I’ve gotten several texts from fellows who seem to have been given a false phone number the previous night in the club.

A couple have refused to believe that I am not, in fact, the girl in question. One, I did manage to convince him and he still tried to get me to meet him.

Not a text message but I got back from lunch one day to find this message on my voice mail:

Stranger: “Yeah hi I think you know my sister, I think this is the number she gave me to call her at. She wanted me to watch her kid tomorrow but I have to work so I was hoping you could let her know that I’m not going to able to do it.”
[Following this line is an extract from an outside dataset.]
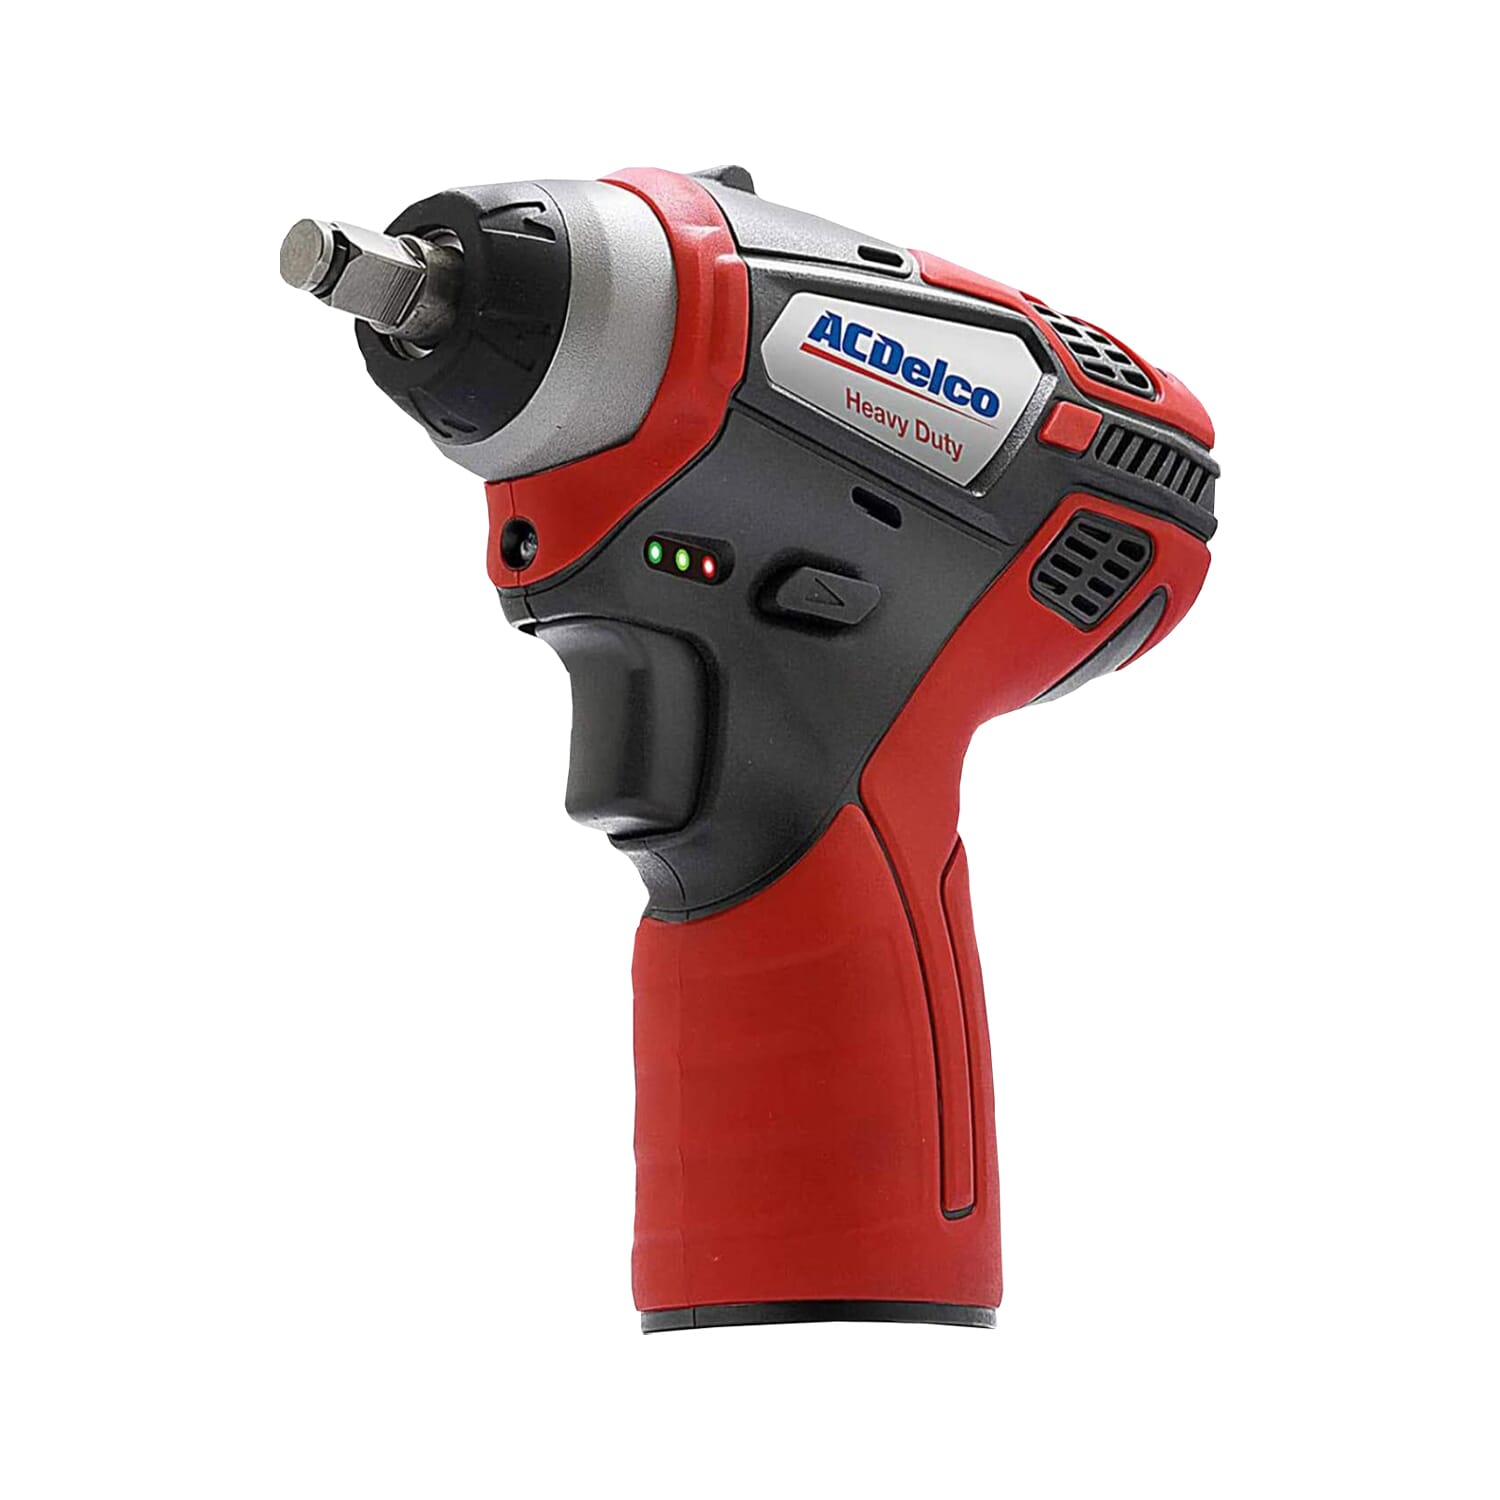 ARI12104T G12 Lithium-Ion 12V 3/8" Impact Wrench - Tool Only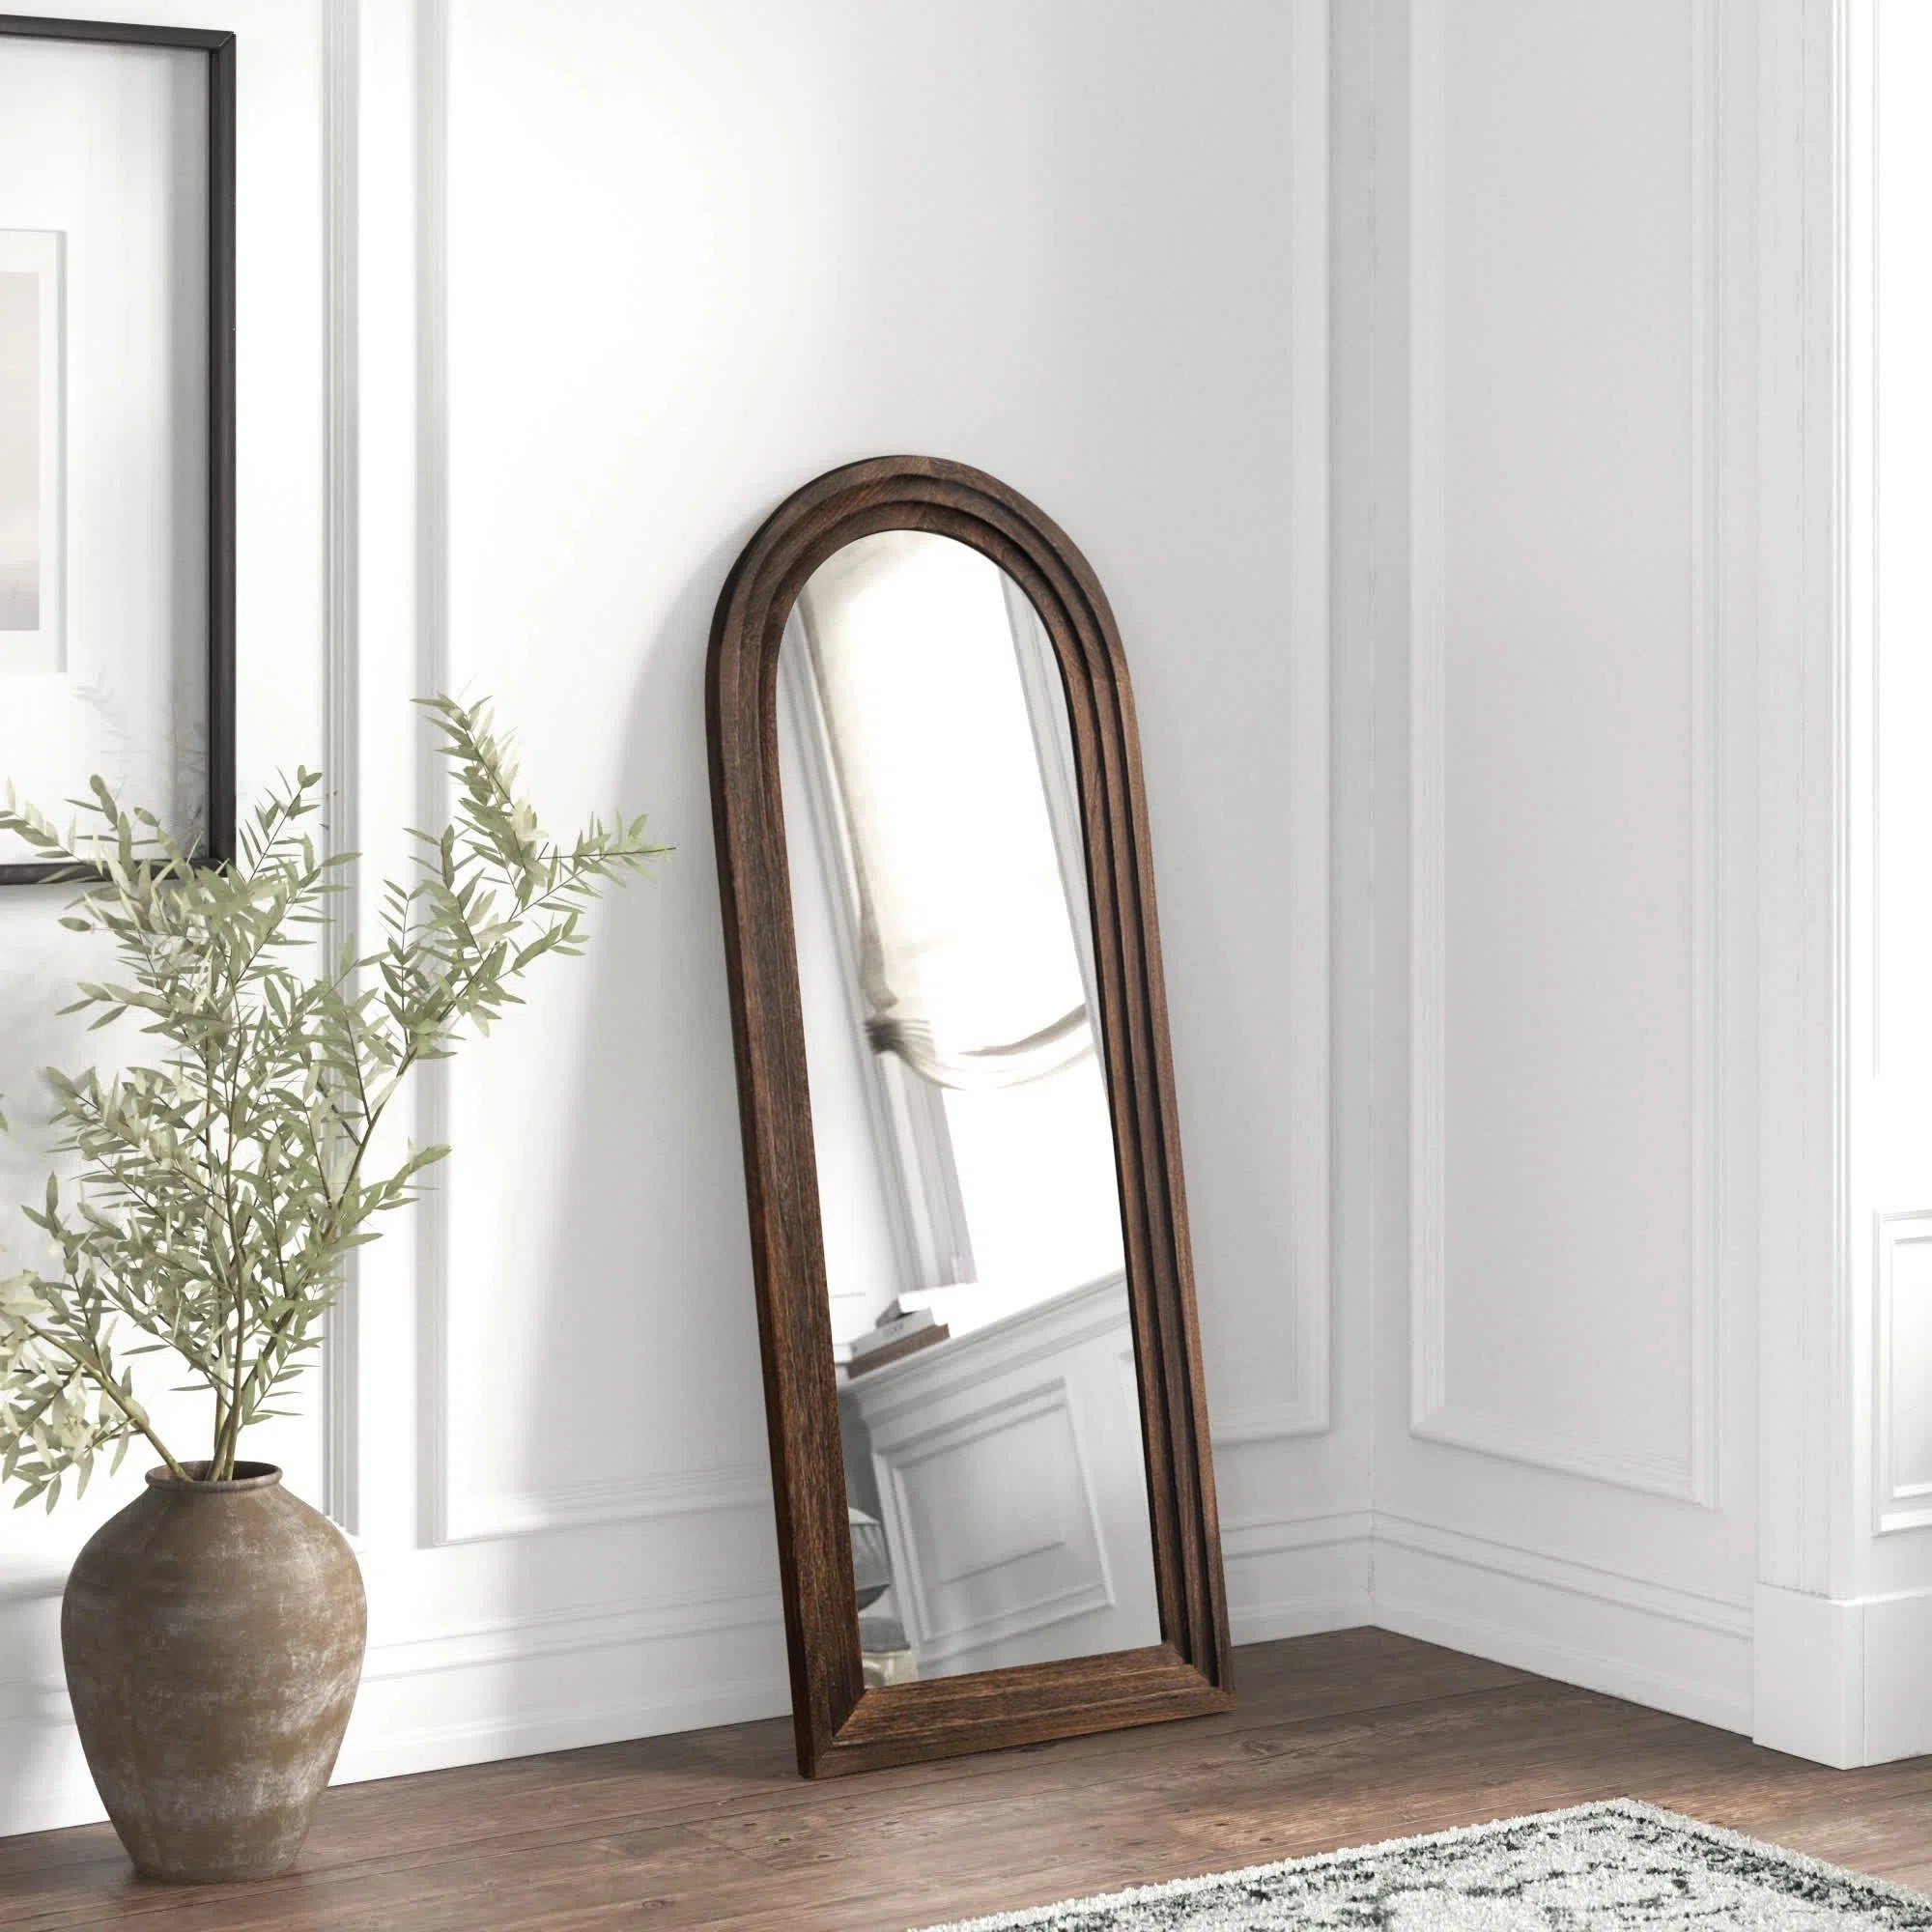 The arched mirror hanging against a wall

I sure hope his sister found a babysitter!

I got someone clearly drunk-dialing my number in a rage; over a course of the night, I got about a dozen messages venting about what an asshole I was.

Good thing I turn my phone off when I’m sleeping!* Lord knows what smart-ass replies I might have made.

*Any emergency for me at 3 in the morning is one I can’t help with anyway.